Kate is the Program Director for Generative AI Research at IBM where she helps manage the development of IBM’s Large Language Models and other Generative AI technologies. Prior to her current role at IBM Research, Kate was a leader at the MIT-IBM Watson AI Lab, a joint research partnership between MIT and IBM Research; Kate ran the Lab’s corporate membership program, supporting industry members as they co-invested in the Lab’s AI research technologies. Kate earned her MBA at MIT Sloan and previously worked at Deloitte Consulting as a Senior Consultant within the Strategy and Operations practice. Kate also holds a B.S. in Statistics from Cornell University.

Part 1: Let’s establish some foundation model fundamentals

To start, I’m going to ask Kate some elementary questions that will establish a basic overview of foundation models and their value to the enterprise. From there, we’ll dive deeper into how enterprises can apply foundation models in the real world, before discussing where this new, emerging market is going next.

Tarun: Kate, to kick us off, can you explain what a foundation model is? How is it different from a traditional AI model?

Kate: The term “foundation model,” was actually first coined by the Stanford Institute for Human-Centered Artificial Intelligence when they saw that the field of AI was converging on this new operating mode that we know today as generative AI. Unlike foundation models, traditional AI models are trained on very task-specific data and designed to perform a very specific task. Foundation models, in comparison, are trained on a huge amount of unstructured data. We’re talking terabytes to petabytes of data. This gives foundation models the ability to transfer to multiple different tasks and perform multiple different functions — with minimal task-specific, labeled data required. For more on foundation models, you can check out this explainer video.

Tarun: What is the business value of foundation models? What is the ROI?

Kate: There is immense business value to be found with foundation models. One of the biggest advantages with foundation models for enterprises is performance. These models have seen so much data that they are equipped to perform far more complicated tasks than traditional, narrow AI models. The second advantage is the productivity gains. Most people using foundation models are using a generic model created by some other model provider. The model provider had to train it on lots of unstructured, generic, data. This generic starting point can be adapted byt the model consumer for new tasks with little to no additional labeled data needed. As anyone who has built and deployed traditional AI applications can attest, cleaning and curating high-quality labeled data is one of the most painful and costly steps in the process. Now foundation models reduce your dependency on labeled data, it frees you up to unlock new use cases for automation and value creation that were previously unobtainable because data costs were too high and cost-prohibitive. This is where the true business value and return on investment lies.

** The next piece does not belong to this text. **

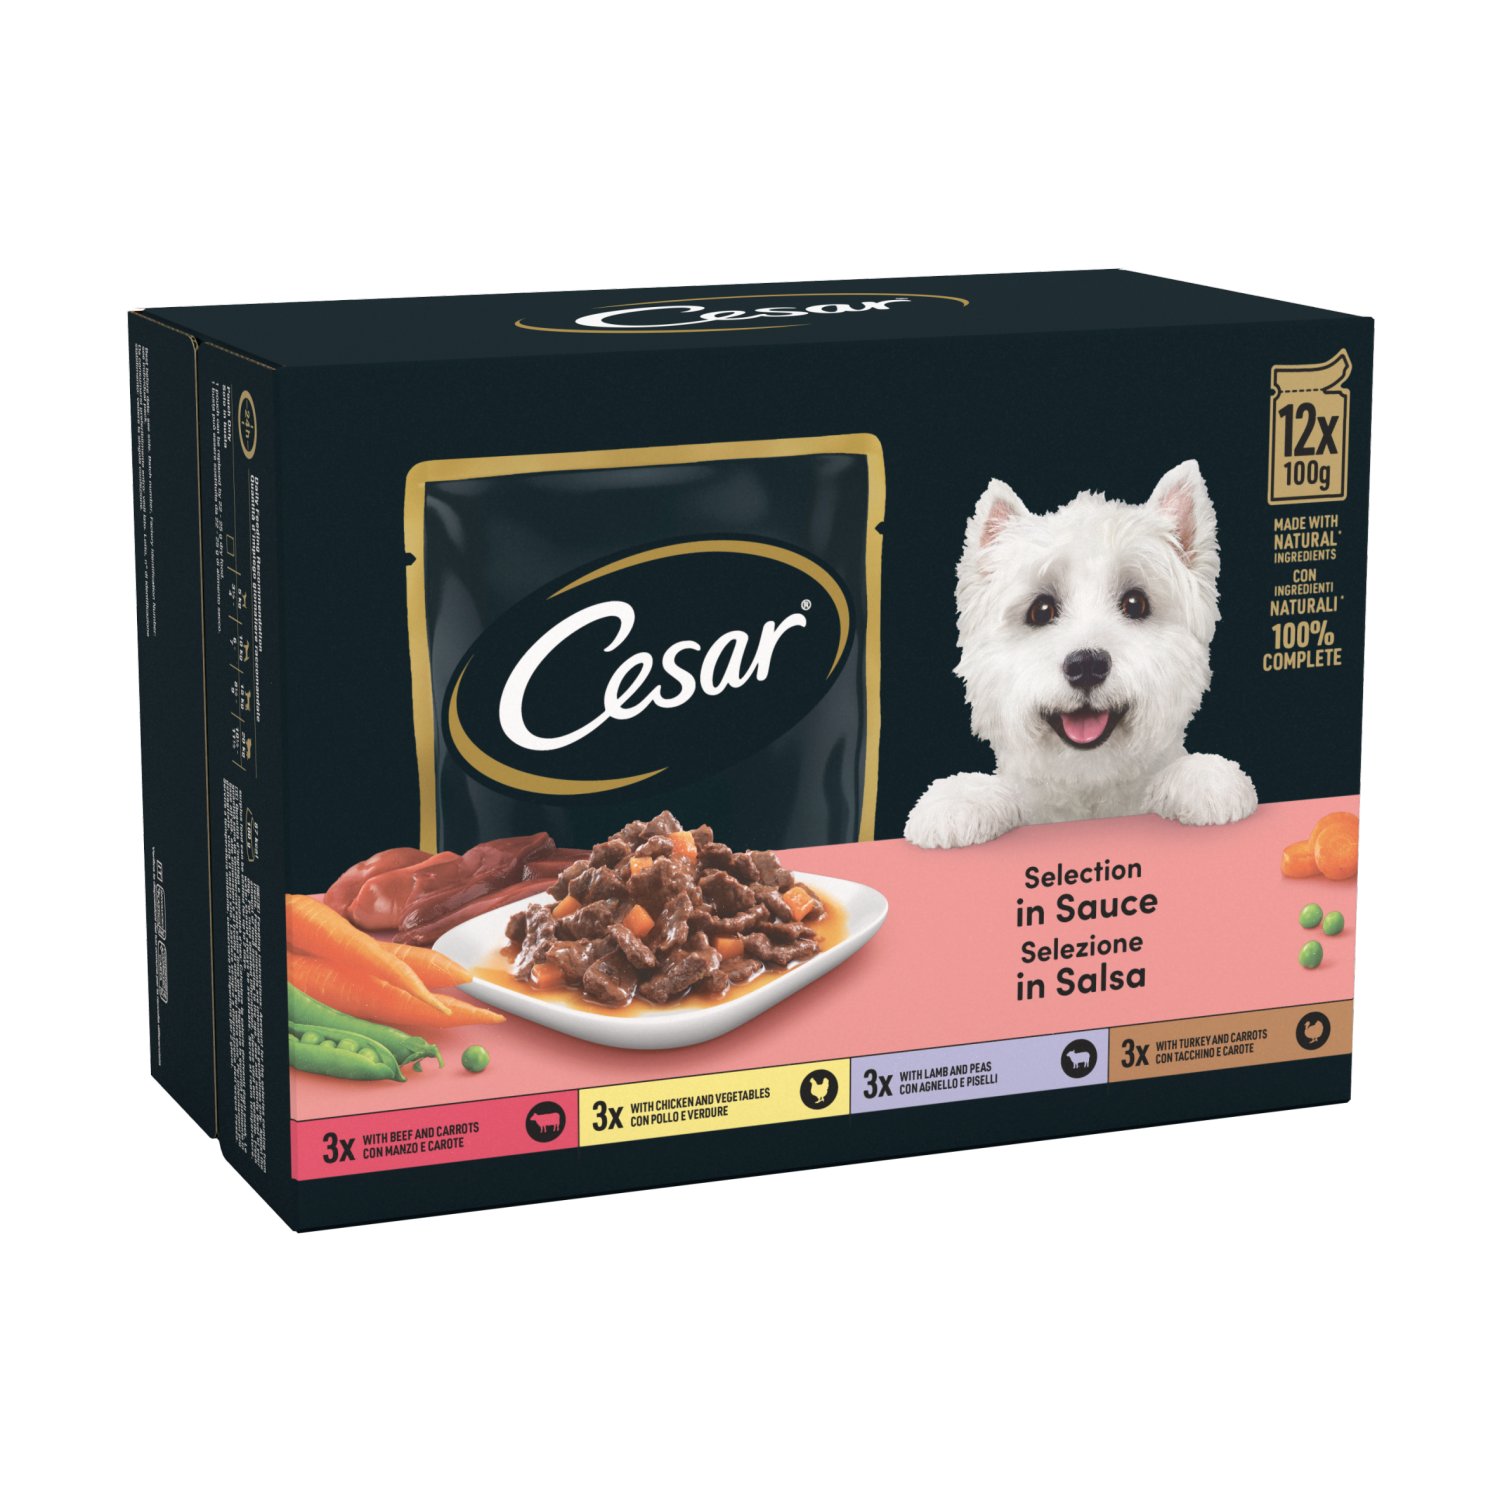 Cesar Selection in Sauce Variety Dog Food 12 Pack (1.2 kg)

Tarun: When it comes to generative AI, are bigger models better than smaller models?

Kate: Despite the common belief that “bigger is always better,” it’s not always the case when it comes to generative AI. There are a number of exciting innovations happening in the AI space which are enabling smaller, yet still powerful LLMs. So much so, in fact, that the new term, “Small Language Models,” has emerged. These models are much cheaper to run, are faster, and are sometimes specialized to excel in a specific domain. For example, in IBM’s Watson Code Assistant for Z product, we leverage a cobol-specialized code model to enable cobol to java translation tasks. These models are called Small Language Models because they are in Billions to tens of Billions of parameters, which is still quite large but is a fraction of the size of the hundreds of billion parameter models that are available today. Small Language Models are still a relatively new frontier, but they prove that bigger isn’t always better — the best model selection depends on the task at hand.

Tarun: How do you ensure data linage and transparency?

Kate: At IBM, we have a streamlined process to help ensure data linage and transparency. Let me break it down…

1. Dataset Acquisition: We start with data acquisition, which is guided by IBM’s governance experts who help us ensure we only use datasets for training that meet IBM’s standards. We then work with domain experts to find high-quality datasets that are relevant for the tasks our customers care about.

2. Dataset Pre-Processing: After we acquire the data, there is a full team dedicated just to the pre-processing of it. Not only does this include all of the data wrangling and engineering that goes into making this data suitable for training, but it also involves working to identify and filter out toxic information like HAP (hate, abuse, profanity), biased content, and potentially-pirated sources.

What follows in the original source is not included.